In both cases you're getting an identical product, shipped digitally to the consumer, direct from the manufacturer, on a visually identical site. Shipping and manufacturing don't come into it. The only difference is what you pay, and that difference is much, much bigger than 10 per cent. (In these examples, it's above 50 per cent in the first case and 75 per cent in the second. Adobe also quotes the price ex-GST, by the way.)

You're dealing direct with the vendor, via "localised" sites that look almost indistinguishable from its US parent. In this context, I find it hard to believe that the Australian online store "operation" is a massively expensive undertaking sucking up large amounts of money. I suspect it's nothing more than a couple of variant settings in a database file and a local merchant account to pile up the takings in. There's certainly no commission paid to a third party in this scenario, so that's not a factor either.

I can actually think of some specific reasons why digital distribution might cost more in Australia. If a company sets up local mirrors of its site or pays content distribution networks (CDNs) for faster downloads, that might be a legitimate concern. But this argument, remarkably, doesn't get raised in the submissions I've seen; it's nothing but generic statements.

Microsoft's submission notes that "the costs of providing the services -- including establishing, maintaining, supporting and advertising the services -- needs to be recovered". No argument there. But it's a ridiculously massive leap from saying that to arguing that a downloaded copy of a software package should cost thousands of dollars more in Australia than in the US. The US operations also need all these elements. If the higher price not just shameless opportunism, then a much more coherent justification than what we've seen at the inquiry so far is needed. (That said, Microsoft deserves some credit for having the gumption to make a submission in its own right and share it with the world, which is more than you can say for Adobe or Apple.)

Consumer delusions: this doesn't happen all the time

CHOICE's submission provides a neat summary of the pricing variations seen in some major categories: music, hardware, games and software. As we've already seen, there are some massive differentials out there. But having recognised that, it seems worth pointing out that it's not a universal phenomenon. The same companies that argue that they must charge higher prices to meet local market conditions seem entirely capable of charging us very similar prices to our US cousins when the mood (or economic necessity) hits them.

I've been discussing the pricing inquiry a lot in recent days (I made two appearances on ABC Radio to talk about it yesterday).

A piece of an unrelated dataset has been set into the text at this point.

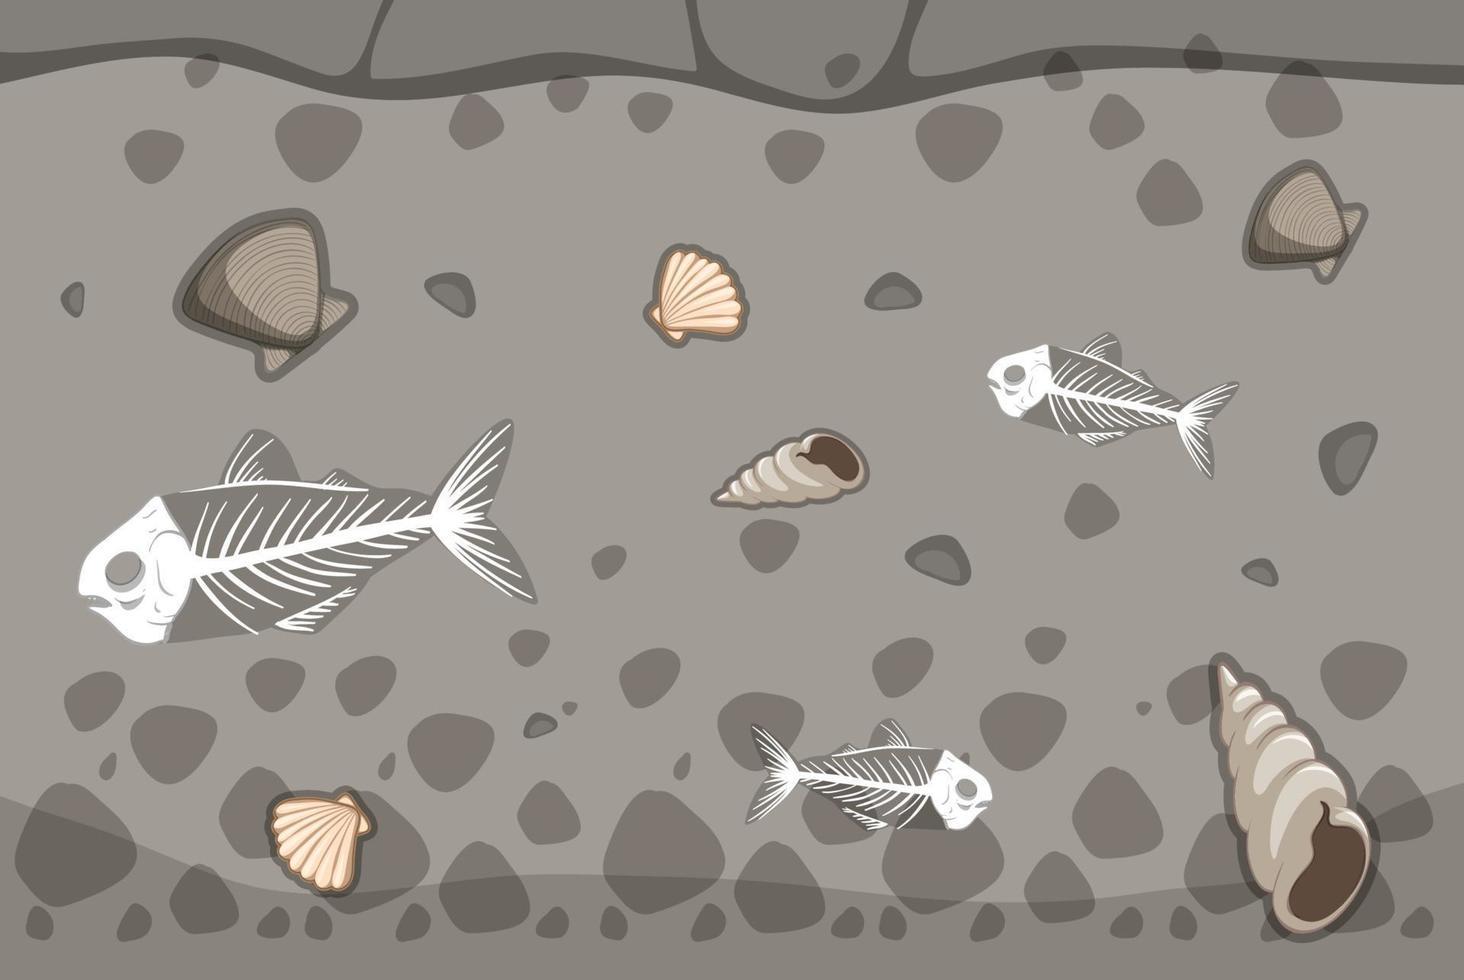 solo subterrâneo com fósseis de espinha de peixe e conchas vetor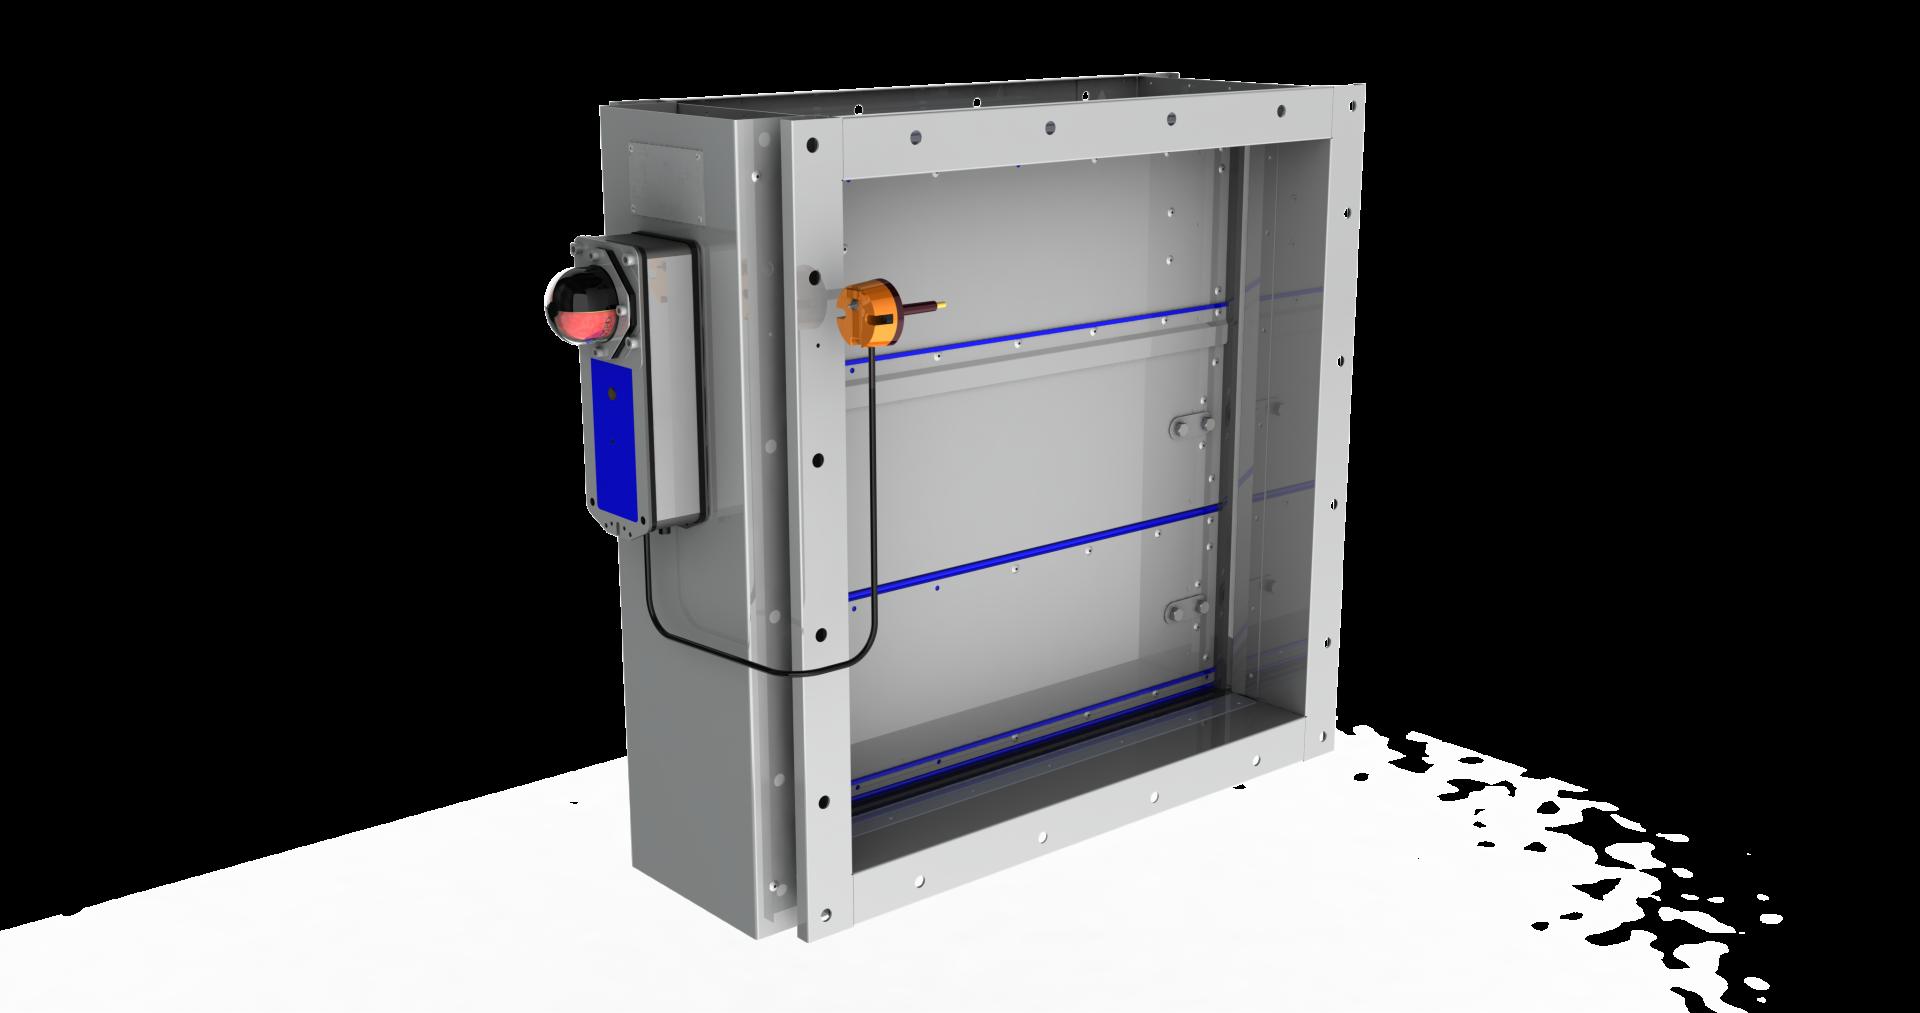 FCE - Fire damper (EI 60 S)

Invariably, almost the first thing that comes up in chatting with researchers is a comment along the lines of "Ah yes, Apple do that all the time." As I pointed out yesterday when discussing Apple's well-padded margins, that's not an entirely fair judgement these days.

Let's take two recent examples. When the latest iPad debuted in the US, the cheapest model was $499. In Australia, the price for the same 16GB model was $539. Factor in the 10 per cent GST and there really isn't anything to complain about, even before other vendors started undercutting Apple to sell the same product.

The same phenomenon was evident when Apple altered app pricing on the iTunes store back in July 2011. The cheapest apps ($2.99 and under) are now set at the same price in dollar terms, then there's a sliding scale of additional fees relative to the US. It's not absolutely equal, but the gap is much less pronounced than it used to be (especially given that volume apps sales are strongest in the cheaper categories).

The one area where we do unquestionably see a continuing clear price differential and restrictive marketing practices from Apple is in music and movies. Individual tracks costs more on iTunes in Australia than in the US, and the range of songs and movies we get access to is different as well. Apple won't talk about the difference in public (Apple won't willingly talk about any business issues in public), but it's generally assumed that the need to negotiate individual licensing agreements with copyright owners plays a part. As such a visible part of Apple's retail presence, it makes sense that consumers have noticed that difference, but it's a mistake to assume that translates across everything Apple sells.

We can also see evidence of price shifts from other companies. Microsoft, for instance, is charging the same dollar price for upgrades to Windows 8 in Australia as the US ($14.99 if you purchased a new Windows 7 computer after June 2 2012, $39.99 to upgrade from an existing Windows installation otherwise). That's much less than any previous generation of Windows software has cost for Australians. So obviously all those allegedly expensive marketing and local support and salary costs aren't always an issue. But consumers should also recognise that the Australia tax, in this example, simply isn't happening.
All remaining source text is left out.